TPN Certification - Is it necessary? Know Why And How?

What Is TPN?

TPN, Trusted Partner Network, is the initial content protection accreditation for the film and television industry that helps companies assure their clients regarding the prevention of leaks, hacks, and breaches of movies, videos, or shows before decided release dates. TPN becomes necessary to make customers believe in the raised security in all aspects.

Trusted Partner Network assessment is the security audit where your entire integrated system and ongoing workflows, such as management system, physical space, security (physical and digital), etc, are inspected thoroughly for conformance with the best MPA practices by the licensed Assessor. It is designed to provide a brief generated report to MPA, ACE, and CDSA member studio content owners stating ISMS execution, control practices, business and risk management approach, and remedies for future conformance.

Why did TPN come into existence, and why is it needed?

As far of now, content for short films, movies, and shows is created by the growing ecosystem of third-party vendors who collab with different security degrees. It has increased the threat of leaks and breaches of the most valuable asset of the studios - CONTENT. The TPN certification is about raising security awareness and capabilities within the industry.

The TPN creates a solitary benchmark of least security preparedness for all vendors and their groups at any place they work and their expertise. By making a solitary, worldwide catalog of "trusted partner" sellers, content organizations will approach the important data set to gain proficiency with their TPN status.

It is much needed by VFX Studios that offers numerous benefits such as -

• Gains the trust of vendors and customers regarding security

• Seeks to raise security against data threats

• Get the centralized directory as a Trusted Partner vendor.

• Extend the security standards of the vendor community

• Increase the number of third-party vendor projects assessed.

Is there any benefit of the TPN Program to Vendors?

Here is a list of advantages TPN provides to vendors, such as -

• Decrease the assessment count conducted at every facility.

• Decrease various controls utilized by different content owners.

• Get stand out in the competitive market with the suitable quote

• Enable promotion of security preparedness And many more.

Joining TPN is a good step where every vendor, be it large or small, believes security is the core business principle of their firm.

How much is the cost of the TPN Assessment?

Checking the price of the assessment depends on varied cases and factors. There are no pricing models defined for the individual assessors or their companies. It is the done deal between TPN Assessor and the vendor making the request. Cost varies with the type of firm, types of projects they are working on, services offered by studio owners, physical space, types of clients they have, database features, etc. For more details, visit www.ttpn.org/about/faqs.

How to join TPN?

A short but thorough procedure has to be followed to join the TPN program and get certified for security preparedness -

Step 1:

Go to the Vendor assessment request tab in the TPN Platform. For this, visit www.ttpn.org.

Step 2:

Fill out the form with all your basic company information accurately.

Step 3:

After clicking on submit, you will receive an email confirmation stating that you will receive the questionnaire shortly.

Step 4:

Once you receive a questionnaire, you will be asked to submit some documents to evaluate your company and can proceed with an on-site review.

Step 5:

Before the on-site review, the assigned assessor will ask you to keep documents ready which are needed at a time to inspect your space as per requirements.

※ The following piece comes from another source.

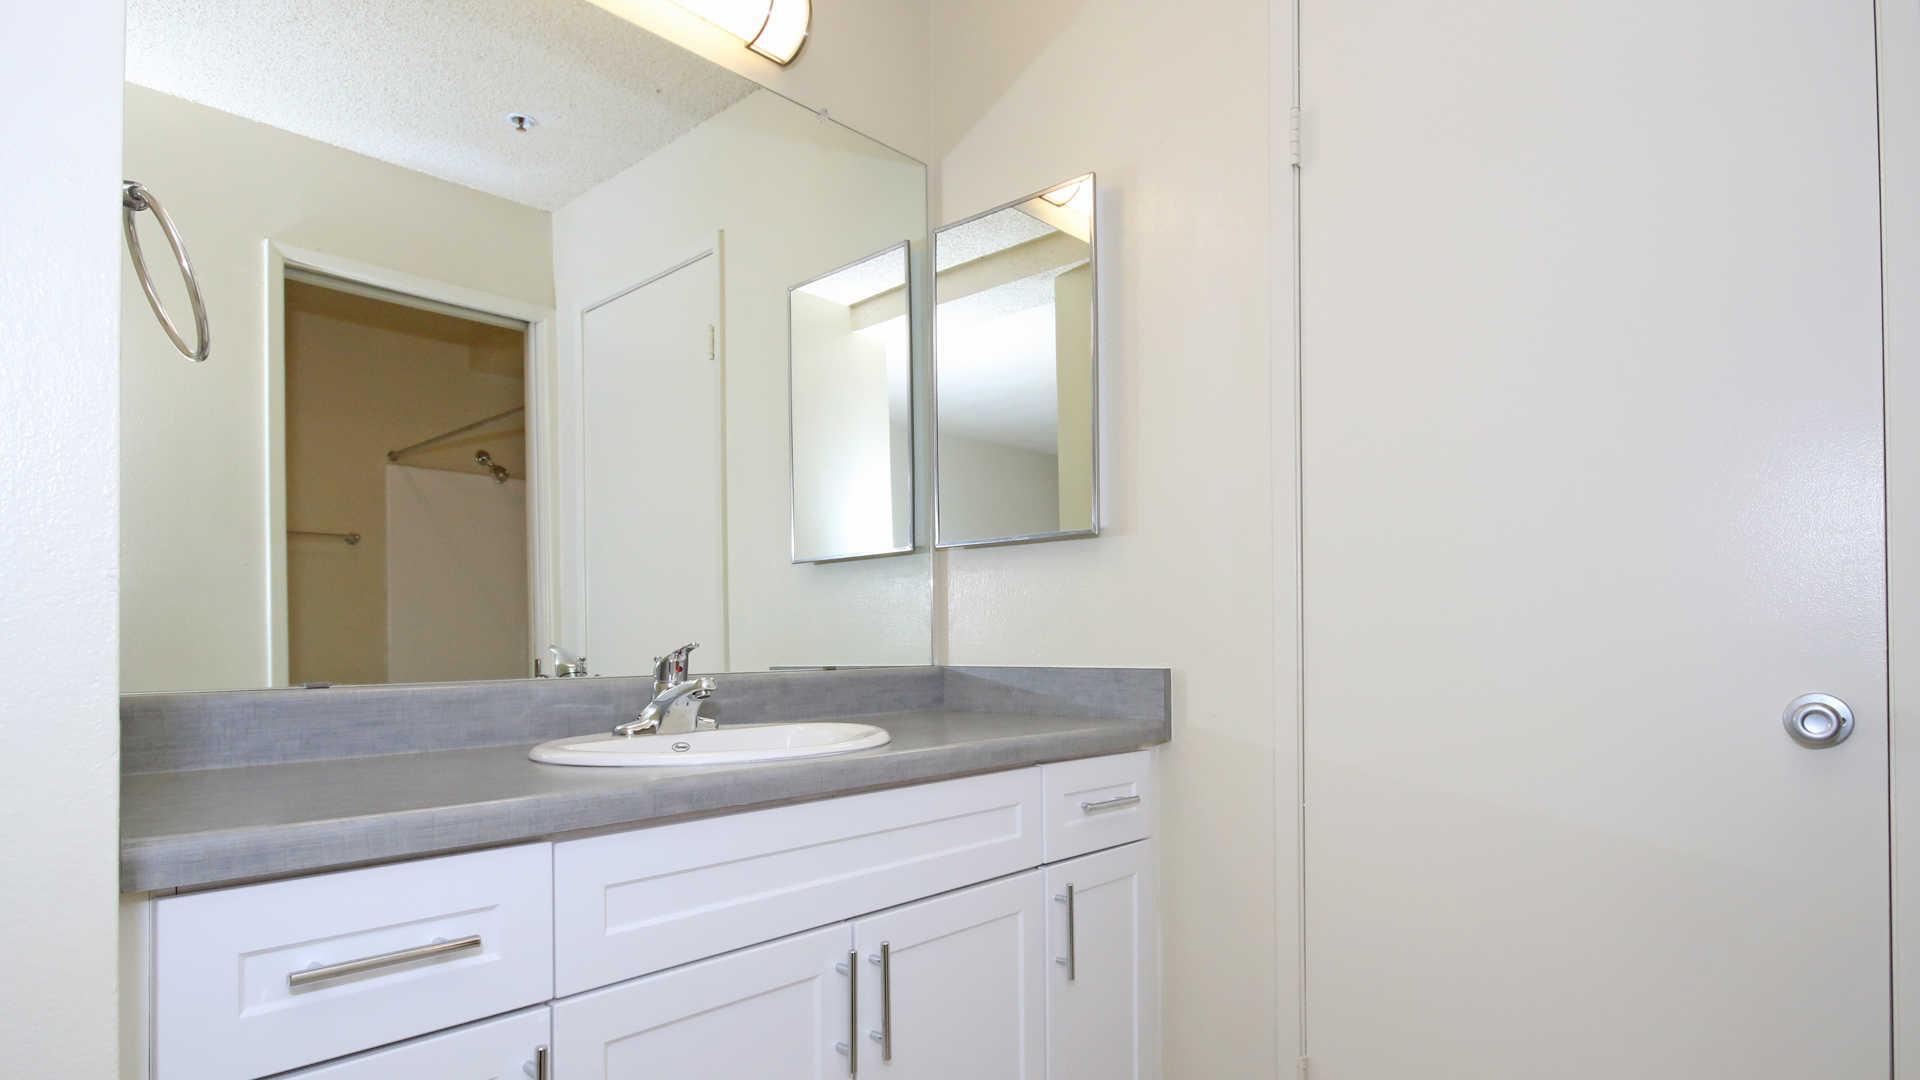 873 Stevens Ave #2311-875, Solana Beach, CA - $2,625 USD/ month
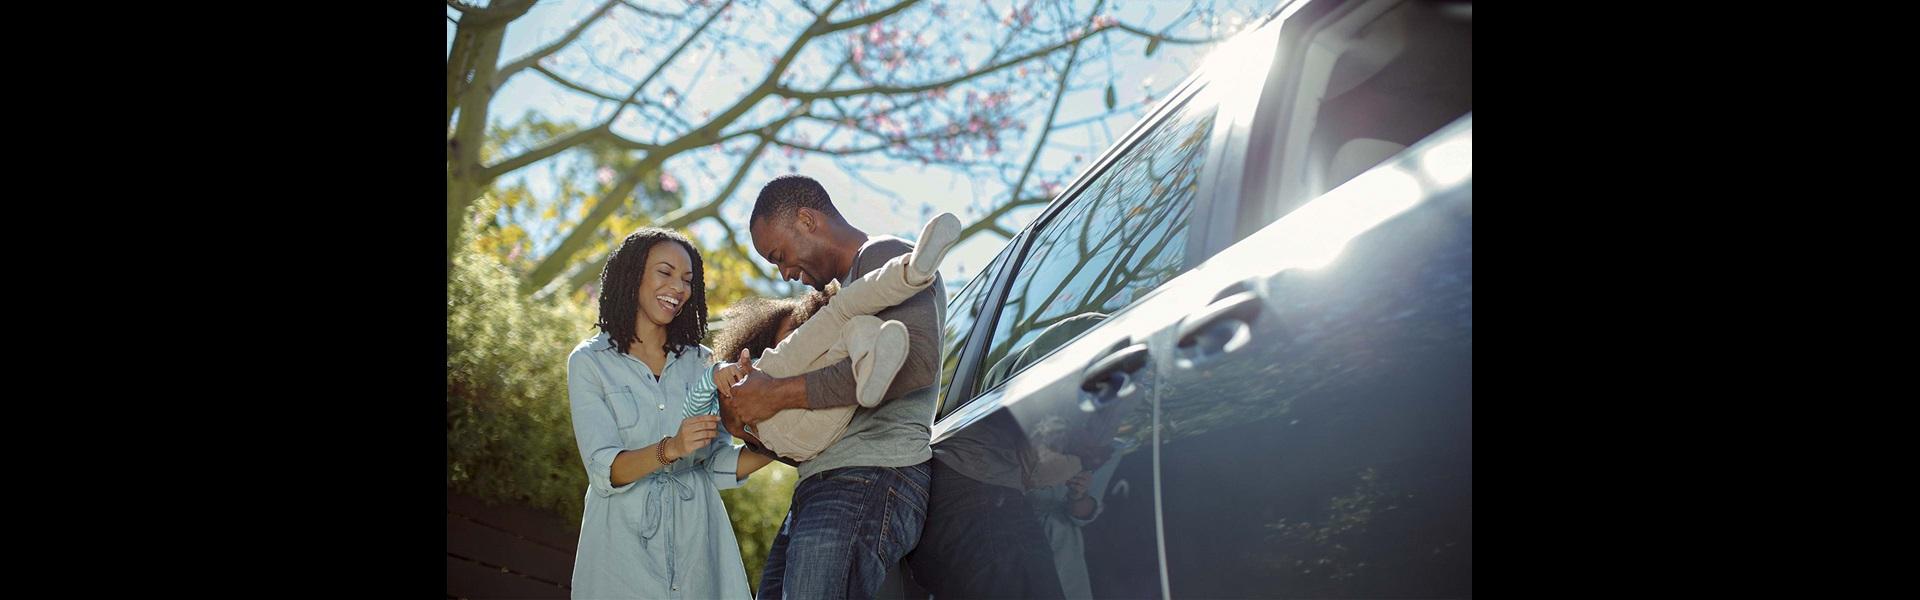 Auto Insurance | NJM

Note - Onsite assessments involve a site visit during which an assessor physically inspects and evaluates a vendor’s facility and are typically requested for facilities handling pre-theatrical content or sensitive assets addressed early in the distribution cycle. Step 6: If your services/work are after the release cycle or the selected phase is post-theatrical, then you have the option to avail remote review/ telephonic interview session.

Step 6:

If your services/work are after the release cycle or the selected phase is post-theatrical, then you have the option to avail remote review/ telephonic interview session.

Step 7:

After the complete assessment by the approved assessor, the report draft is sent to TPN for quality control which takes around two weeks of time.

Step 8:

If any non-compliance is received by any means for your area, there will be the remediation list provided by the team with the ten working days time duration given for fixing the issues they caught up.

Step 9:

Once everything gets cleared, the vendor will have their company enrolled with authorized supporting assessment materials in the directory of the TPN vendor. Step 10: Vendor portal credentials also will be shared with the vendor through which they can log in to the portal using 2-factor authentication.

Can anyone ‘Fail’ a TPN Assessment?

The TPN evaluation doesn't give a "pass or fail" grade, certificate, or rating. It gives an evaluation of security preparedness for conformance with the MPA content security best practices. In case an evaluation shows non-conformance with control or practice, any important remediation might be directed by a different, however, correspondingly approved, TPN assessor. The merchant may likewise give proof of their own remediation to the TPN. The TPN likewise has a proper survey and accommodation process for any evaluation debates. Assessors will be routinely estimated and assessed through the TPN Qualified Assessor Program.

And the good part is that VANI software works well for TPN-certified firms and vendors without any compliance. It does not imply any obstacle in the security of data as necessary.